Nawab Muhammad Ali Beg, (1852–1930) was an Indian military leader from Hyderabad State, serving there and in the British Indian Army.

==Life==

He was born Aurangabad (Deccan) in 1852 He was the son of the late Mirza Vilayet Ali Beg, Ressaldar of the 3rd Lancers, Hyderabad Contingent. From 1897 he commanded the Nizam's regular forces, and from 1884 he was aide-de-camp to the Nizam of Hyderabad, in the Ressaldar Hyderabad Contingent. He was Commander of the Golconda Brigade since 1885, in the Hyderabad Imperial Service Troops since 1893, and Commander of Regular Troops since 1897, Jagirdar, Hyderabad State.

== Career ==

- Commander of the 1st and 2nd Lancers, Hyderabad Imperial Service Troops
- Hon. Colonel 20th Deccan Horse
- 1879–80 – Afghan War, 1879–1880, medal and clasp
- 1888 – Black Mountain Expedition, medal and clasp. Mentioned in dispatches.
- 1900 – China Expedition, (medal). Sir Afsar was on staff of Count Von Waldersee during the Boxer Rebellion in 1901.
- 1902 – A.D.C for the Nizam, Sir Afsur represented Hyderabad at the coronation of King Edward VII.
- 1911 – A.D.C to Lord Hardinge, Viceroy of India
- 1915 – Staff of Imperial Service Cavalry Brigade, Indian Expeditionary Force, Egypt, 1915
- 1915–16 – Staff Indian Cavalry Corp and A.D.C to Sir John French
- 1917 – Commander-In-Chief, His Exalted Highness the Nizam's Regular Forces

== Titles ==

- 1884 – Received title of Khan Bahadur and Afsur Jung
- 1888 – Appointed Honorary Major

Muhammad Ali Beg Nawab, Afsar-i-Jang Bahadur, Aide-de-Camp to His Highness the Nizam of
Hyderabad, is grandted the honorary rank of Major. Dated 16th May 1888
— THE LONDON GAZETTE, MAY 15, 1888

- 1895 – Received title of Afsur Dowla
- 1897 – Decorated with C.I.E. on 22 June 1897 in the Jubilee Honours' Gazette

THE Queen has been graciously pleased on the occasion of the celebration of the completion of the Sixtieth Year of Her Majesty's Reign, to make the following promotions in, and appointments to, the Most Eminent Order of the Indian Empire:
To be Companions:
Major Nawab Muhammad Ali Beg, Afsar-i-Jang, Bahadur, Commandant of the Hyderabad Imperial Service Lancers.
— India Office, June 22, 1897.

- 1902 – Appointed Honorary Lieutenant-Colonel

Honorary Major Muhammad Ali Beg, Nawab, Afsar-i-jung, Afsar-ud-Daula Bahadur, C.I.E. to be Honorary Lieutenant-Colonel. Dated 9th. August, 1902.
— THE LONDON GAZETTE, OCTOBER 7, 1902

- 1903 – Received title of Afur-ul-Mulk after Delhi Durbar
- 1906 – Member of the Royal Victorian Order (M.V.O)
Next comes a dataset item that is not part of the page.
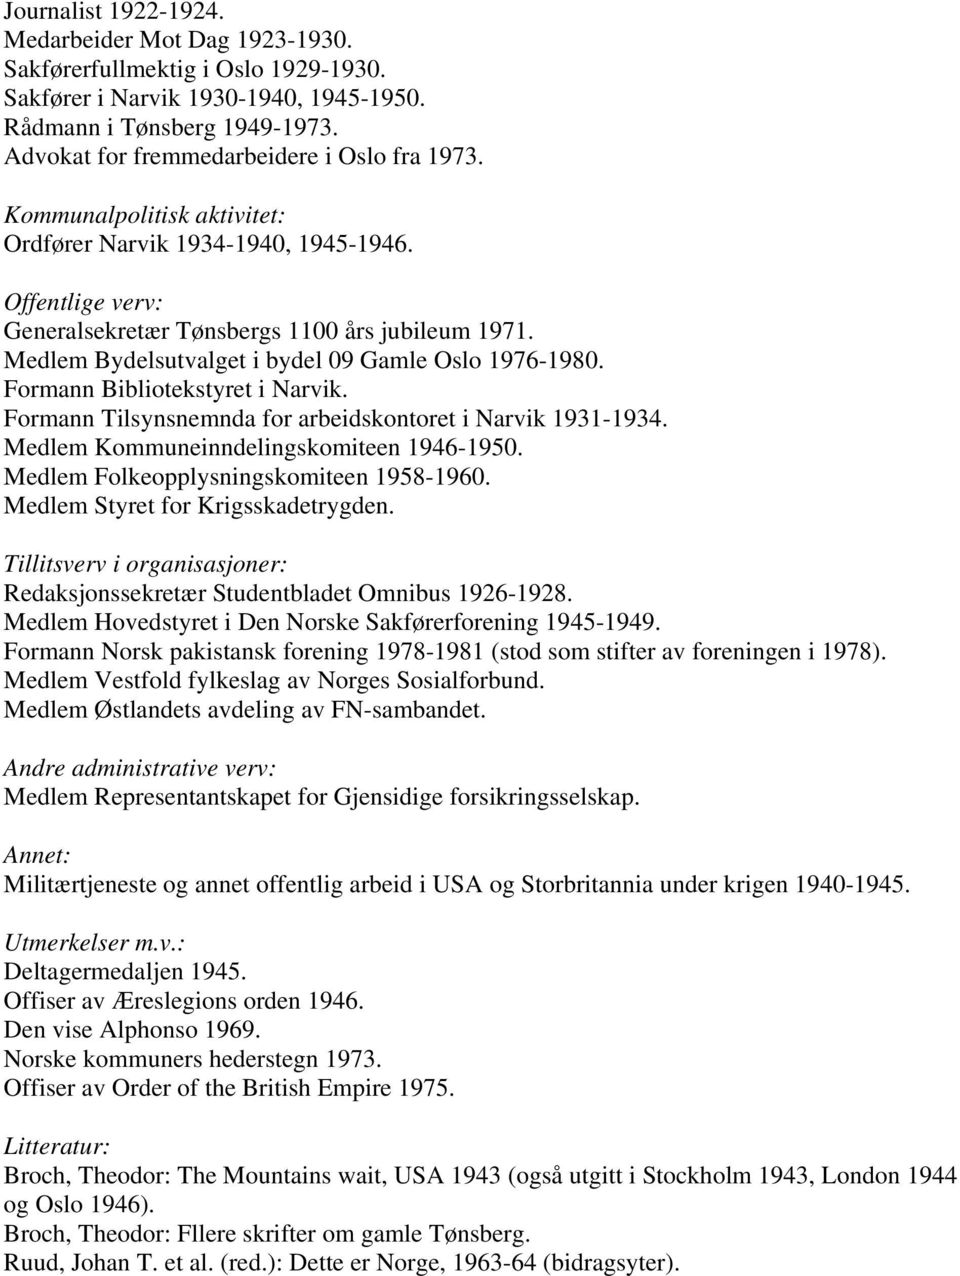 Medlem Bydelsutvalget i bydel 09 Gamle Oslo 1976-1980. Formann Bibliotekstyret i Narvik. Formann Tilsynsnemnda for arbeidskontoret i Narvik 1931-1934. Medlem Kommuneinndelingskomiteen 1946-1950.

Chancery of the Royal Victorian Order, St. James's Palace, May 15, 1906.
The KING has been graciously pleased, on the occasion of the visit of Their Royal Highnesses The Prince and Princess of Wales to India, to make the following promotion in, and appointments to the Royal Victorian Order, to take effect from the dates noted:
To be Members of the Fourth Class:
15th February, 1906. Nawab Afsur-i-Jung, Afsar-ud-Daula Bahadur, Honorary Lieutenant- Colonel Muhammad Ali Beg, C.I.E., 20th Deccan Horse, and Commandant, Hyderabad Imperial Service Lancers.